Rule 9B was inserted in the PAS Rules on 27 October 2023, making it mandatory for private companies (other than small companies) to facilitate dematerialisation of their securities by 30 September 2024, though an extension was subsequently granted for producer companies.
Rule 9B also made it mandatory for all security issuances by a private company after 30 September 2024 to be in dematerialised form, and prohibited any security issuances (including rights and bonus issues) and buybacks after this date unless the entire security holding of the company’s promoters, directors and key managerial personnel had been dematerialised. Further, existing security holders were required to dematerialise their securities in order to be able to transfer them or to acquire fresh securities, whether by way of private placement, bonus issue or rights issue.
A similar requirement had been introduced for unlisted public companies by way of Rule 9A of the PAS Rules, which was inserted on 10 September 2018 and made effective from 2 October 2018. While notifying Rule 9B, the MCA did not clarify the intent behind requiring private companies to compulsorily dematerialise their securities, or the rationale for not excluding wholly owned subsidiaries from the ambit of Rule 9B, even though such an exclusion had been made under Rule 9A.
Though considerably more generous than the transition period available to unlisted public companies under Rule 9A, as 30 September 2024 approached it was evident that the transition period provided under Rule 9B would prove to be insufficient, as depositories struggled to cope with the volume of ISIN creation and dematerialisation requests.
As a consequence, even where requests were submitted in advance of 30 September 2024, private companies were restricted, on account of the timelines for processing of ISIN creation and dematerialisation requests getting extended and growing increasingly uncertain, from undertaking fresh issuances or permitted bona fide share transfers.
Given the difficulties being faced by private companies in achieving compliance with Rule 9B, the extension till 30 June 2025 is a welcome step by the MCA. In an unusual step, the MCA notification includes an explanatory memorandum which declares that by issuing the notification with retrospective effect, the interest of no person would be adversely affected.
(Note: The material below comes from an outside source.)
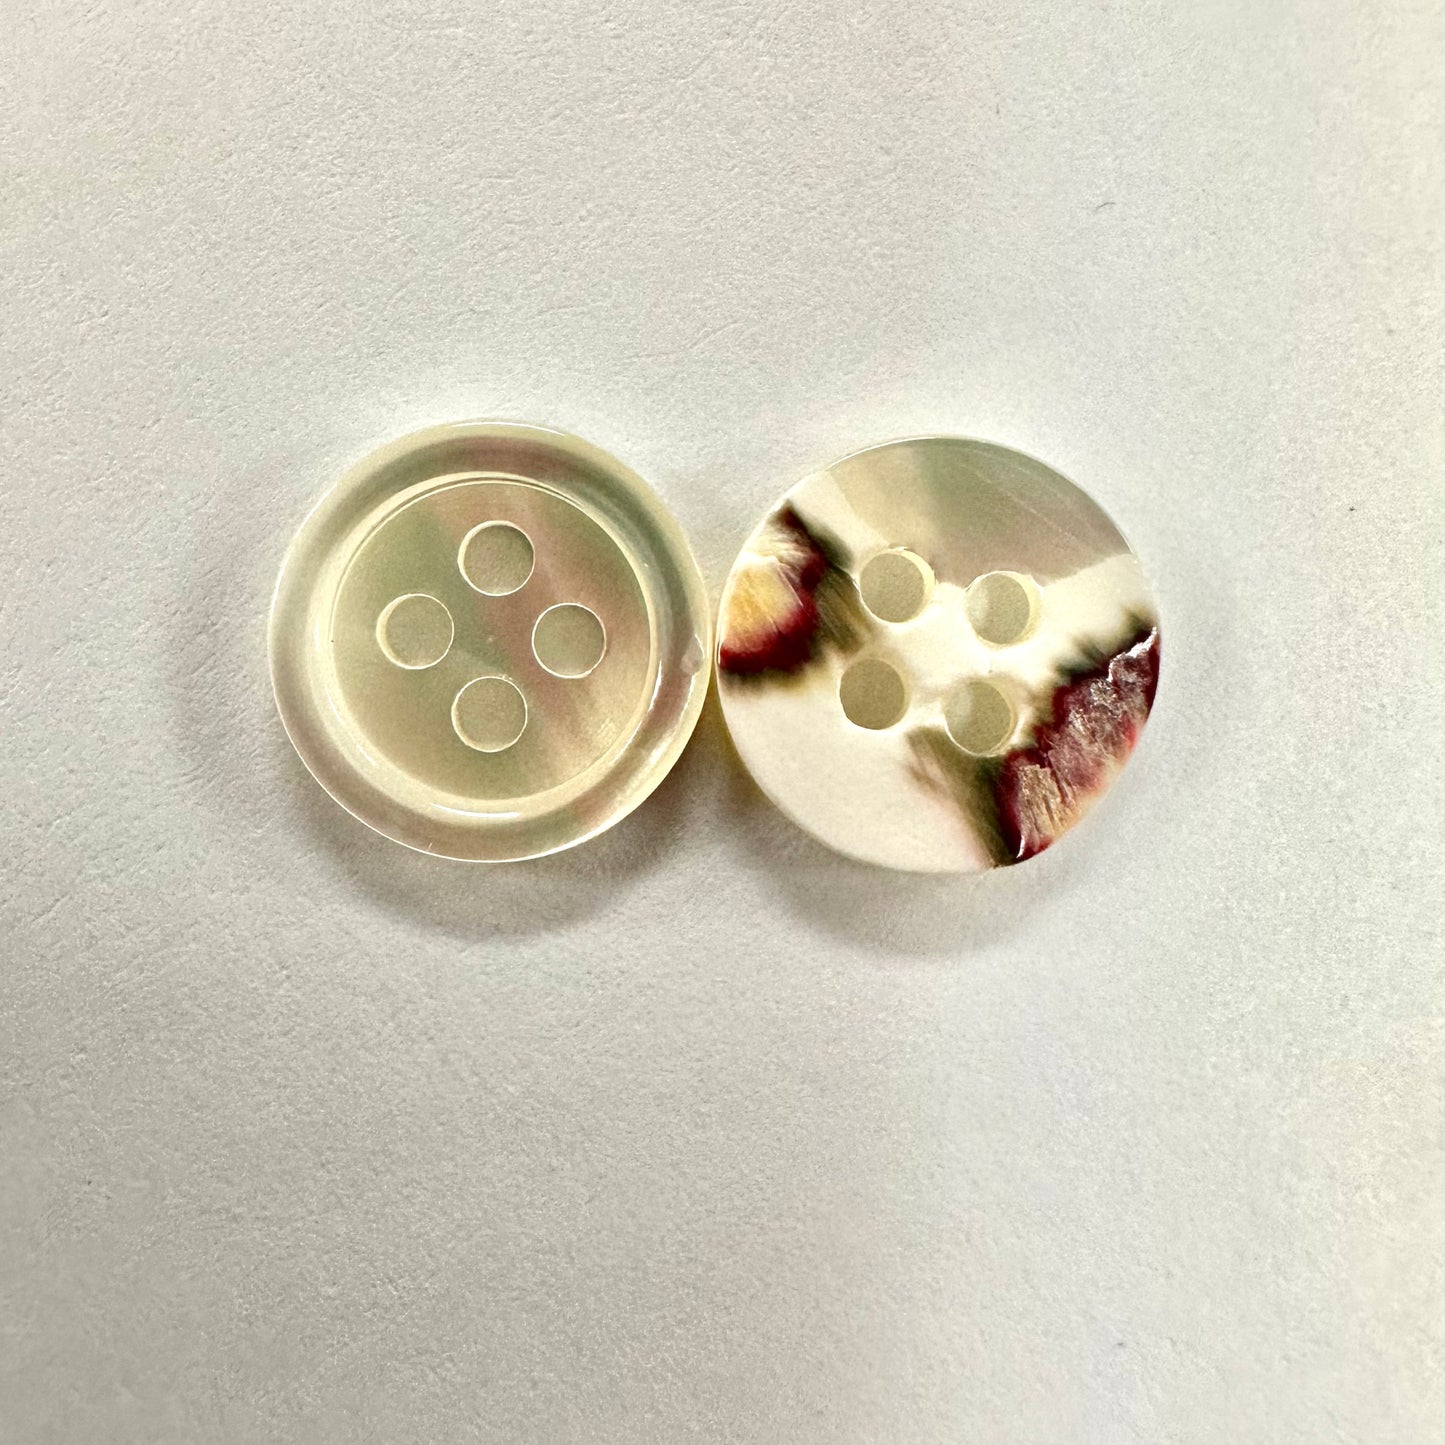 natural shell buttons 13mm 10pcs 天然白蝶貝鈕扣 13mm 10粒裝

The amendment to the PAS Rules is stated to be effective from the date of publication in the Official Gazette (i.e., 12 February 2025), and so it is unclear why a reference has been made to an issuance with retrospective effect.
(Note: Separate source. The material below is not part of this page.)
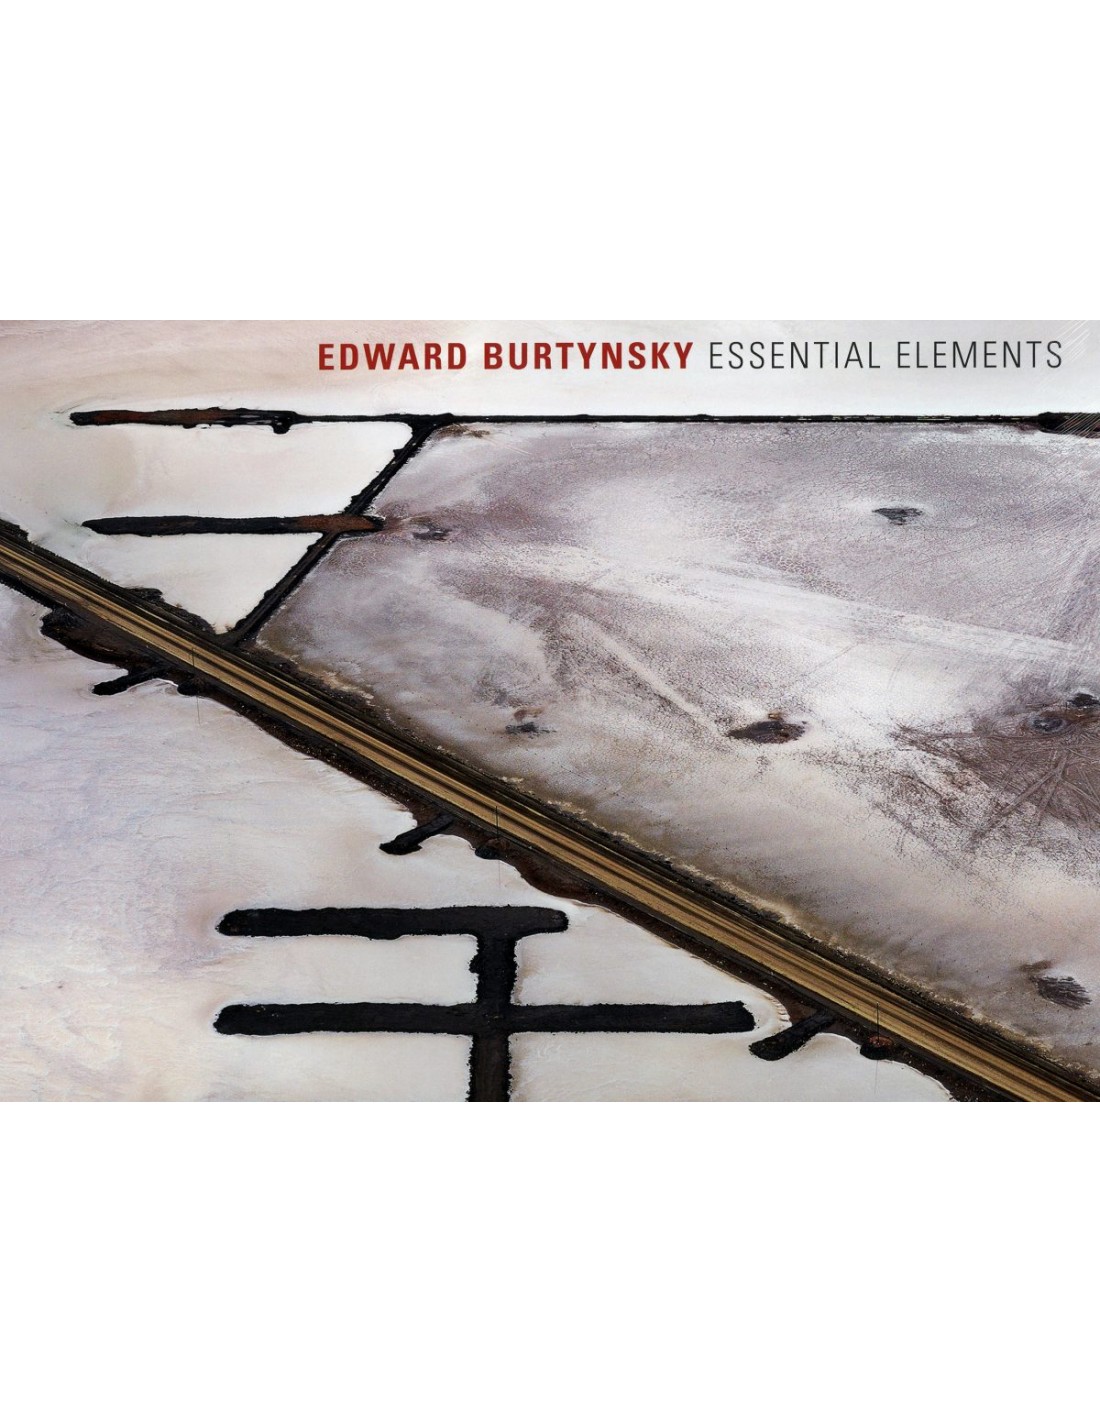 Edward Burtynsky: Essential Elements (Signed Ltd Ed #95/200 with

While it should be fair to assume that this amendment means that no action would be taken for contravention of Rule 9B by private companies that had not facilitated the dematerialisation of their securities by 30 September 2024, or which undertook share issuances or buybacks while the securities of their promoters, directors or key managerial personnel remained in physical form, or which permitted existing security holders to transfer existing securities or acquire new securities before dematerialising their existing securities, a specific clarification to this effect by the MCA would be welcome.